Justice suisse : le procès crucial de Sepp Blatter et Michel Platini débute ce lundi
Lecture rapide :
– Procès en appel de Platini et Blatter à Muttenz
– 2 millions de francs suisses (≈ 1,8 million d’euros)
– Audience de lundi à jeudi, décision le 25 mars
À partir de lundi, la Justice suisse rouvre le dossier opposant Sepp Blatter et Michel Platini. La Cour d’appel extraordinaire du Tribunal pénal fédéral, réunie à Muttenz, examine en appel une affaire judiciaire née du paiement contesté de 2 millions de francs suisses versés en 2011 au bénéfice de Michel Platini. Les prévenus sont poursuivis pour escroquerie, gestion déloyale, abus de confiance et faux dans les titres, des chefs passibles de cinq ans d’emprisonnement.
Procès en appel Platini-Blatter à Muttenz : faits et enjeux judiciaires
Les juges doivent retracer la coopération de longue date entre les deux hommes, de leur alliance en 1998 à leur chute en 2015, et séparer l’enquête pénale de ses dimensions politiques autour du football mondial. Le parquet reproche aux deux anciens dirigeants d’avoir obtenu, « au détriment de la FIFA », un paiement sans fondement de 2 millions de francs suisses en faveur de Michel Platini.
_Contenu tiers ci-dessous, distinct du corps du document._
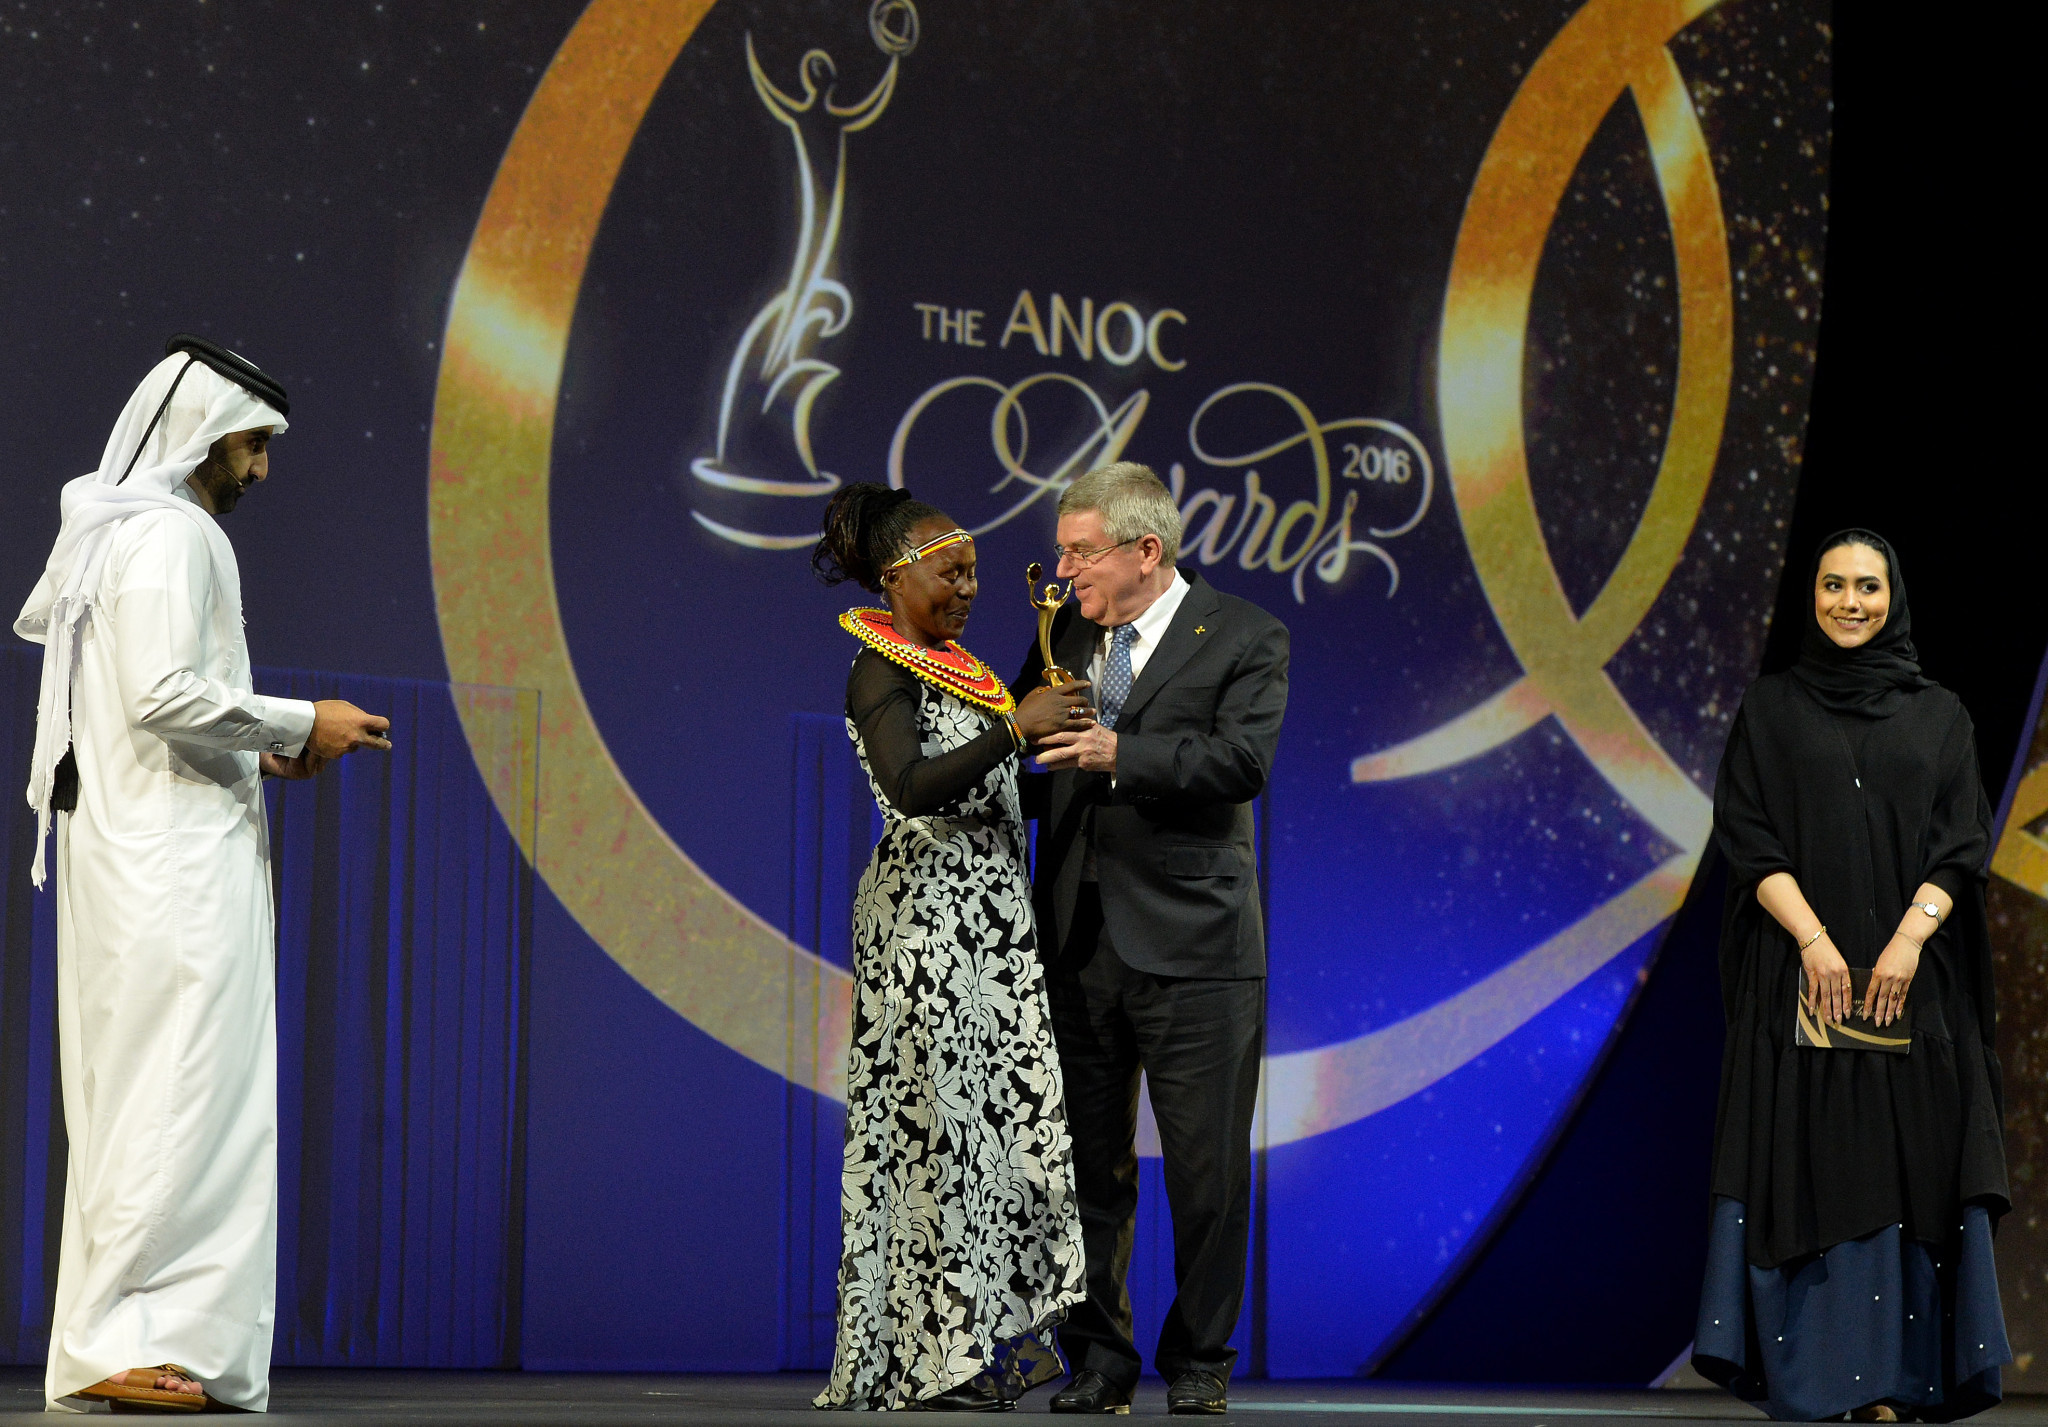 Loroupe added as member of ANOC Athletes' Commission

La défense reconnaît que Platini a conseillé Sepp Blatter entre 1998 et 2002 et qu’un contrat de 1999 prévoyait une rémunération annuelle de 300 000 francs suisses payée par la FIFA. Elle soutient que l’accord sur un salaire plus élevé avait été convenu oralement et que l’opération n’était pas frauduleuse. Me Dominic Nellen, avocat de Platini, demande l’acquittement au nom d’une absence d’intention délictueuse.
Calendrier du procès et précédents judiciaires
Les audiences sont programmées du lundi matin, dès 09h, jusqu’à la soirée de jeudi. La Cour rendra son arrêt le 25 mars. Lors du premier procès en 2022, les juges avaient relaxé les deux hommes, jugeant que l’escroquerie n’était pas établie « avec une vraisemblance confinant à la certitude ». Le ministère public avait alors requis un an et huit mois de prison avec sursis.
L’élément central demeure le paiement effectué en 2011, présenté par le parquet comme un versement « sans fondement » obtenu en trompant les contrôles internes de la FIFA. Les deux anciens dirigeants répètent pour leur part qu’ils n’ont jamais eu l’intention de commettre une fraude et que l’opération découle d’un accord entre eux.
Le dossier a aussi cristallisé des tensions de pouvoir au sommet du football. Des soupçons avaient été émis sur l’implication d’autres responsables, mais une enquête complémentaire ouverte en 2020 a été classée sans suite en 2023. Michel Platini a par ailleurs exclu de tenter un retour à la FIFA après ces épisodes.